Assistiu, atento, a feição e os movimentos do loiro. O viu afastar o celular da orelha, apagar a tela do aparelho e o jogar sobre a mesa como se desejasse se livrar dele, isso enquanto mantinha uma expressão neutra em sua face, sem qualquer indício do que ele estava sentindo naquele momento. Seu cheiro, também estável, não era mais um problema para o ômega.
— Tentei ligar para o locador, mas ele não atendeu. Você tem para onde ir?
Aquilo era um claro convite para que ele se retirasse, percebeu Gabriel. Fato é que ele não tinha condições ou a intenção de fazer isso. Aqueles 4 meses de aluguel pagos de forma adiantada ao proprietário era tudo o que ele tinha.
— Não, meus pais moram no interior.
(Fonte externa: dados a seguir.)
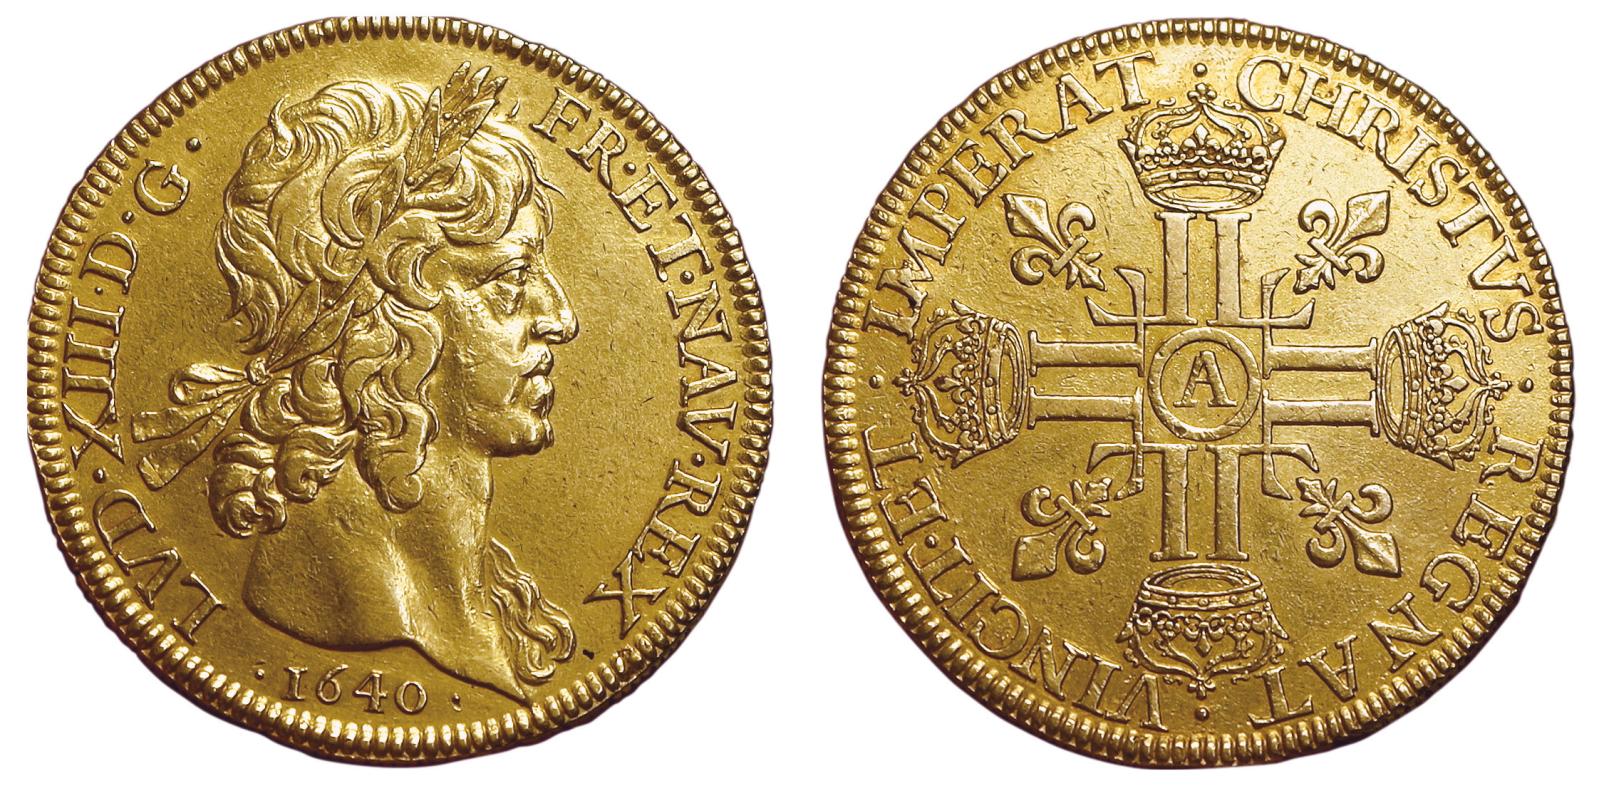 Parmi les monnaies dites «de plaisir» figuraient aussi des pièces de 8 louis, à l’image de ce bel exemplaire au profil de Louis XIII, à la

E você?
Hesitou o mais velho.
— Também não. Me mudei para aqui porque recebi uma proposta de emprego de última hora, então acabei gastando mais do que esperava.
— Merda — deixou escapar.
O alfa franziu as sobrancelhas, surpreso com o rapaz disse, especialmente tendo em vista que ele mal conseguia falar no momento em que se viram pela primeira vez.
— Acho melhor a gente descansar e ir procurar o proprietário amanhã. O endereço dele está no contrato — apontou para o documento sobre a mesa, idêntico ao que o jovem havia assinado.
Gabriel assentiu e, por mera curiosidade e necessidade de confirmar que os contratos eram iguais, pegou os papéis que pousavam sobre a mesa de centro. No campo reservado ao nome de quem estava alugando o imóvel constava o nome Nicolas Hulkenberg .
Nicolas Hulkenberg , Nicolas Hulkenberg , Nicolas Hulkenberg . O ômega repetiu o nome dele mentalmente, tentando se convencer que era uma medida de segurança.